In 2004, Marilú found a way forward through PROCAFEQ, a local association of coffee farmers, where she accessed training in fertilizer use, plant care, harvest timing and soil management. The trainings, developed with Heifer International and local partners working alongside farmer organizations, are available across the region.
“I learned how to do the fertilizers, how to grow the coffee using some techniques,” she said. “In the past, we just grow the coffee without doing anything specific.”
Working through their local association, farmers now engage with the market differently.

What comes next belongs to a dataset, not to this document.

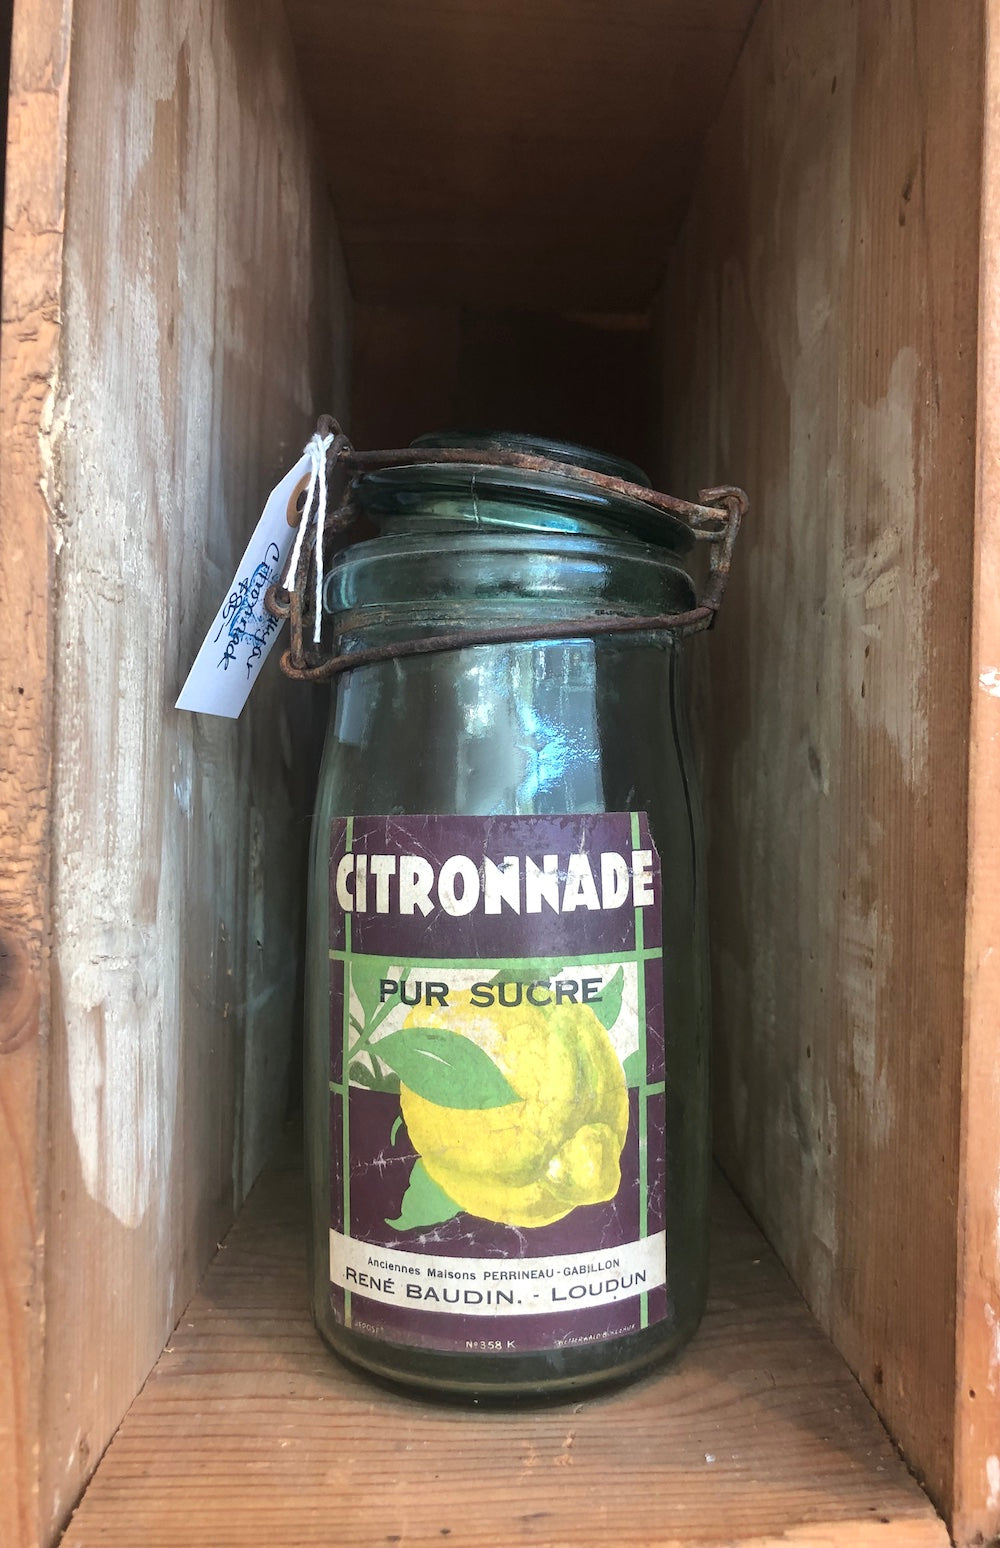 Vintage Canning Jars - Citronnade

Instead of selling small amounts of coffee on their own, they refine how their coffee is grown, combine their harvests and negotiate rates with greater control.
“Now we are the ones as an organization to set the price,” said Victor Yanangomez, president of FAPECAFES. “And now the middleman waits for us.”

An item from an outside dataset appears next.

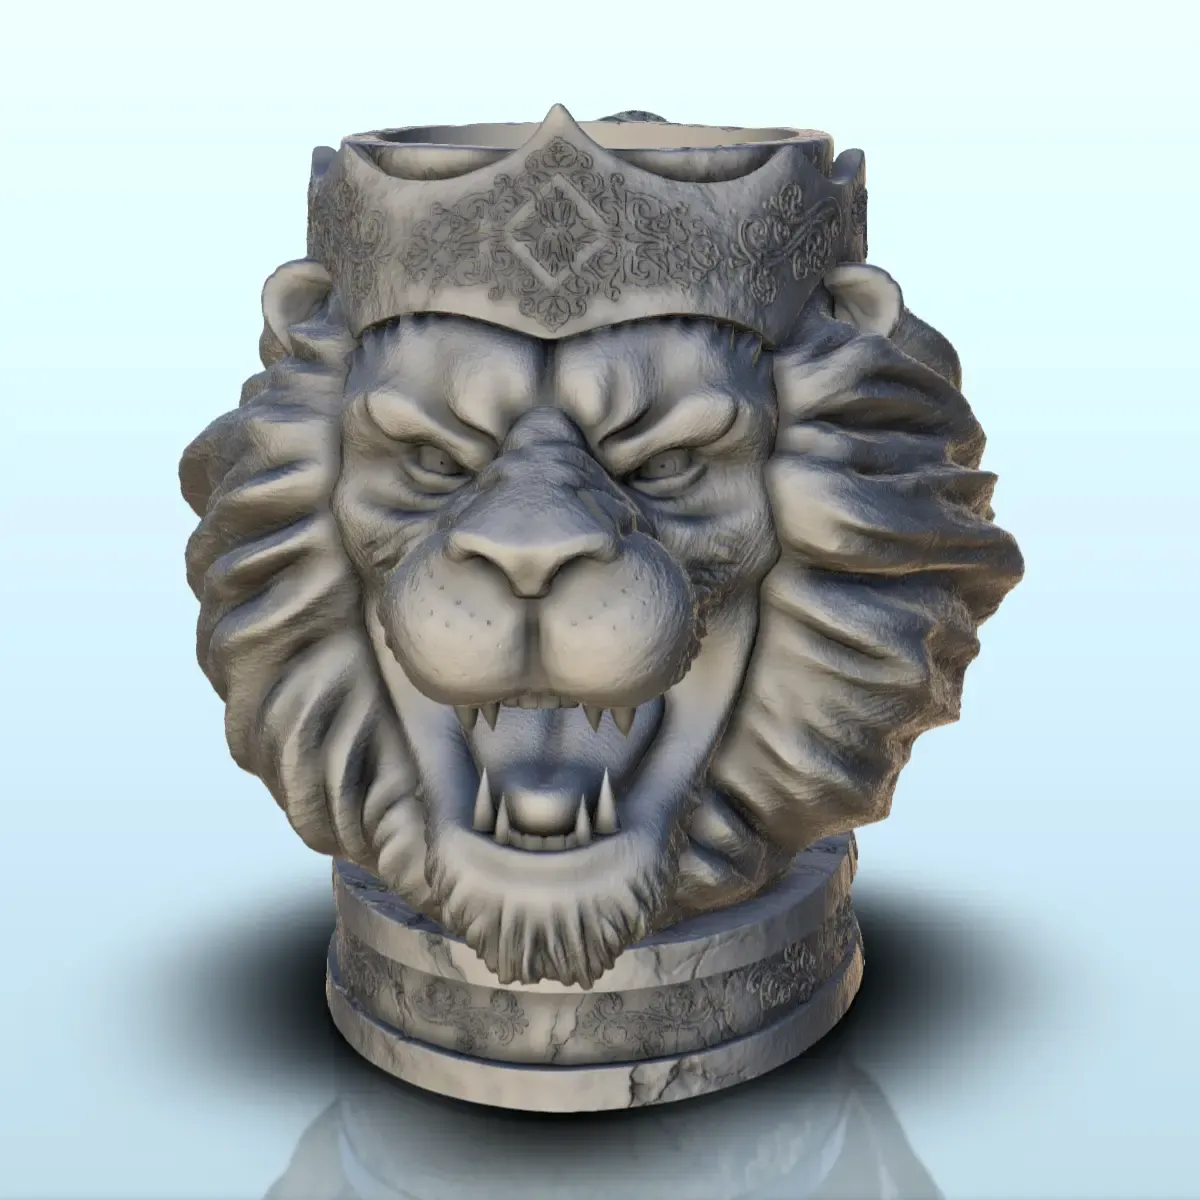 King lion dice mug (18) - beer can holder

What they’ve built has brought higher incomes and stability for farmers across the network, with some farmers who once earned around $200 per bag of coffee now earning up to $1,000 through improved coffee quality and collective sales.

On Marilú’s farm, those results are already visible.
With guidance from technicians, she has introduced soil-cover crops, adjusted harvest timing and begun using organic fertilizers such as compost, along with natural microorganisms that keep her soil well-nourished and productive.
Over time, the soil has become more like a living system, better at holding water and nutrients and supporting healthy plant growth.
These practices reflect an agroforestry approach the U.N. Food and Agriculture Organization identifies as an effective way to store carbon and help farms withstand climate shocks.
Marilú estimates her yield has increased by about 20 percent, with darker, richer soil that holds more moisture and coffee plants that are fuller, stronger and better able to withstand dry conditions.
“The trees are full of beans,” she said.
She is also preparing for the future. On one hectare, about 2 1/2 acres, she is growing a new variety of coffee plant with higher-quality potential. This investment is expected to bring better prices in the years ahead.
“I really like the things we receive because after attending workshops, I can replicate everything I learned,” she said.
That ability to take in, apply and exchange knowledge is central to how Marilú works within her association. What she gains, she brings back to her farm and her family.

Her daughter, Dana, who is studying agricultural engineering, sees that firsthand.
“I think the coffee growing process … has improved because my mom is part of the association,” Dana said. “And they learn many things … and she comes back and puts that into practice.”
Today, Marilú’s work supports more than her own household. Through cooperation, she is part of a system that connects farmers to markets and protects the environment they are tied to.
For Marilú, that progress is only possible by working alongside others — sharing insights, building trust and making decisions together, just as the rules at the entrance to her farm suggest.
The Alliances for Sustainable Cocoa and Coffee (PASOS) project, running from 2024 to 2027, works with farmer-led organizations, local partners and governments in Ecuador to increase coffee and cocoa production and create more stable livelihoods. It connects farmers to better markets, builds business skills and expands access to financial services, while supporting agroforestry and soil management approaches that restore soil and protect the land. The project aims to improve the living conditions of 33,000 farming families, working directly with 5,500 of them, with more than 3,300 already participating in key coffee- and cocoa-growing regions.